Mosquito immunity studies have focused mainly on characterizing immune effector mechanisms elicited against parasites, bacteria and more recently, viruses. However, those elicited against entomopathogenic fungi remain poorly understood, despite the ubiquitous nature of these microorganisms and their unique invasion route that bypasses the midgut epithelium, an important immune tissue and physical barrier. Here, we used the malaria vector Anopheles gambiae as a model to investigate the role of melanization, a potent immune effector mechanism of arthropods, in mosquito defense against the entomopathogenic fungus Beauveria bassiana, using in vivo functional genetic analysis and confocal microscopy. The temporal monitoring of fungal growth in mosquitoes injected with B. bassiana conidia showed that melanin eventually formed on all stages, including conidia, germ tubes and hyphae, except the single cell hyphal bodies. Nevertheless, melanin rarely aborted the growth of any of these stages and the mycelium continued growing despite being melanized. Silencing TEP1 and CLIPA8, key positive regulators of Plasmodium and bacterial melanization in A. gambiae, abolished completely melanin formation on hyphae but not on germinating conidia or germ tubes. The detection of a layer of hemocytes surrounding germinating conidia but not hyphae suggested that melanization of early fungal stages is cell-mediated while that of late stages is a humoral response dependent on TEP1 and CLIPA8. Microscopic analysis revealed specific association of TEP1 with surfaces of hyphae and the requirement of both, TEP1 and CLIPA8, for recruiting phenoloxidase to these surfaces. Finally, fungal proliferation was more rapid in TEP1 and CLIPA8 knockdown mosquitoes which exhibited increased sensitivity to natural B. bassiana infections than controls. In sum, the mosquito melanization response retards significantly B. bassiana growth and dissemination, a finding that may be exploited to design transgenic fungi with more potent bio-control activities against mosquitoes.

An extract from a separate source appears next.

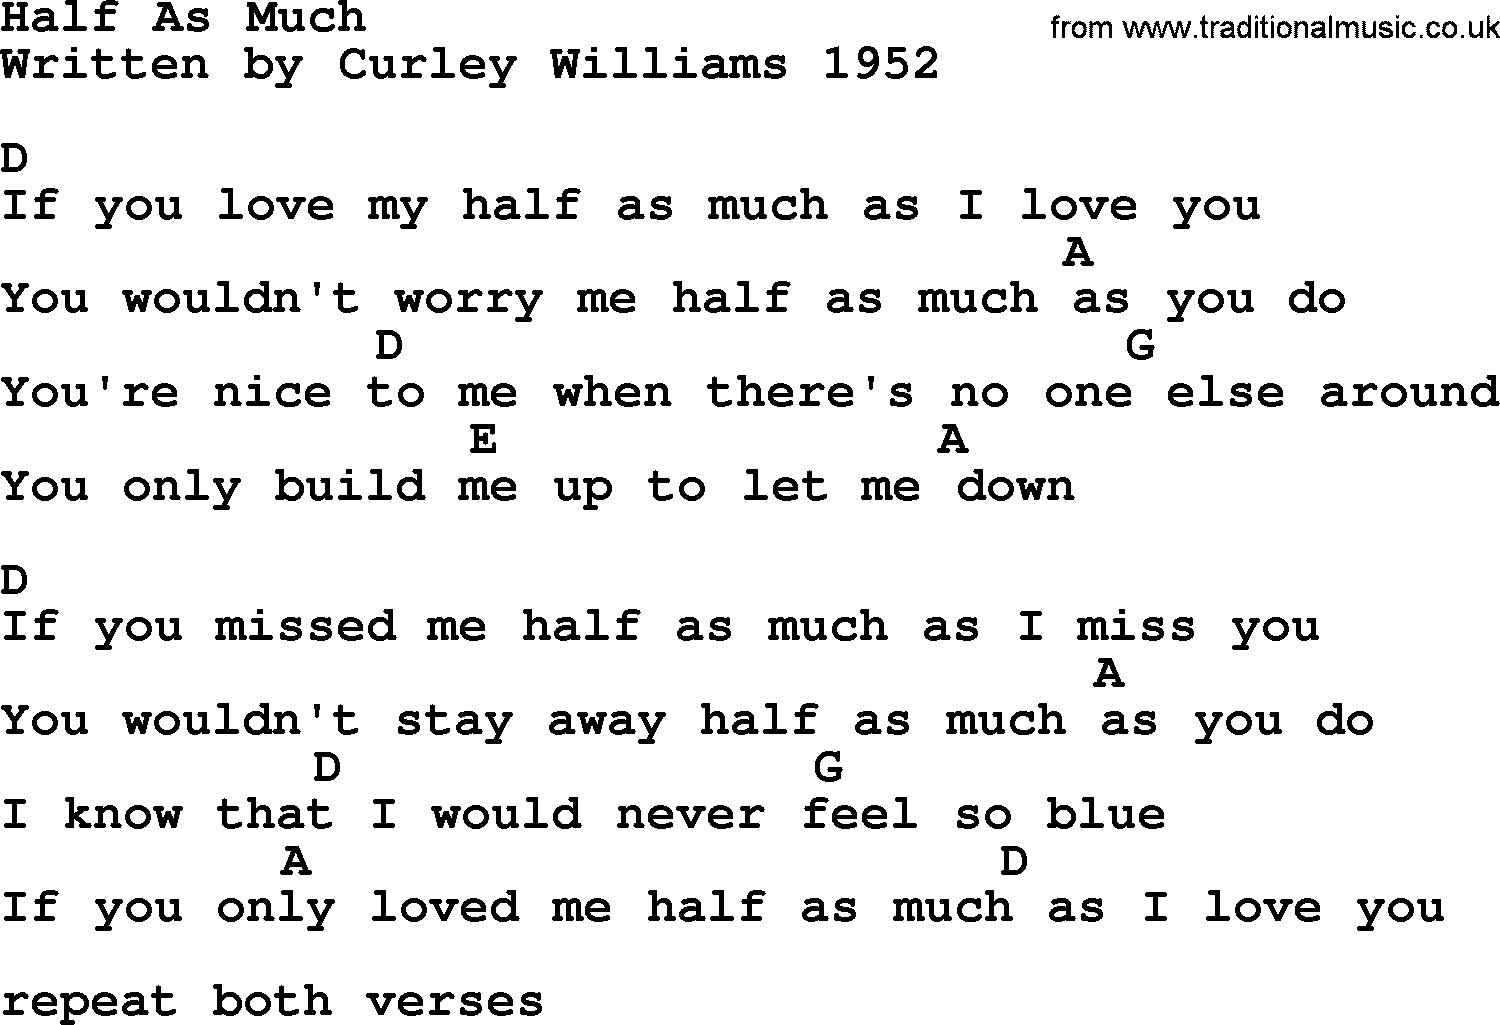 Hank Williams song Half As Much, lyrics and chords

Melanocytes and melanin represent a first line of innate immunity against Candida albicans.

Melanocytes are dendritic cells located in the skin and mucosae that synthesize melanin. Some infections induce hypo- or hyperpigmentation, which is associated with the activation of Toll-like receptors (TLRs), especially TLR4. Candida albicans is an opportunist pathogen that can switch between blastoconidia and hyphae forms; the latter is associated with invasion. Our objectives in this study were to ascertain whether C. albicans induces pigmentation in melanocytes and whether this process is dependent on TLR activation, as well as relating this with the antifungal activity of melanin as a first line of innate immunity against fungal infections. Normal human melanocytes were stimulated with C. albicans supernatants or with crude extracts of the blastoconidia or hyphae forms, and pigmentation and TLR2/TLR4 expression were measured. Expression of the melanosomal antigens Melan-A and gp100 was examined for any correlation with increased melanin levels or antifungal activity in melanocyte lysates. Melanosomal antigens were induced earlier than cell pigmentation, and hyphae induced stronger melanization than blastoconidia. Notably, when melanocytes were stimulated with crude extracts of C. albicans, the cell surface expression of TLR2/TLR4 began at 48 h post-stimulation and peaked at 72 h. At this time, blastoconidia induced both TLR2 and TLR4 expression, whereas hyphae only induced TLR4 expression. Taken together, these results suggest that melanocytes play a key role in innate immune responses against C. albicans infections by recognizing pathogenic forms of C. albicans via TLR4, resulting in increased melanin content and inhibition of infection.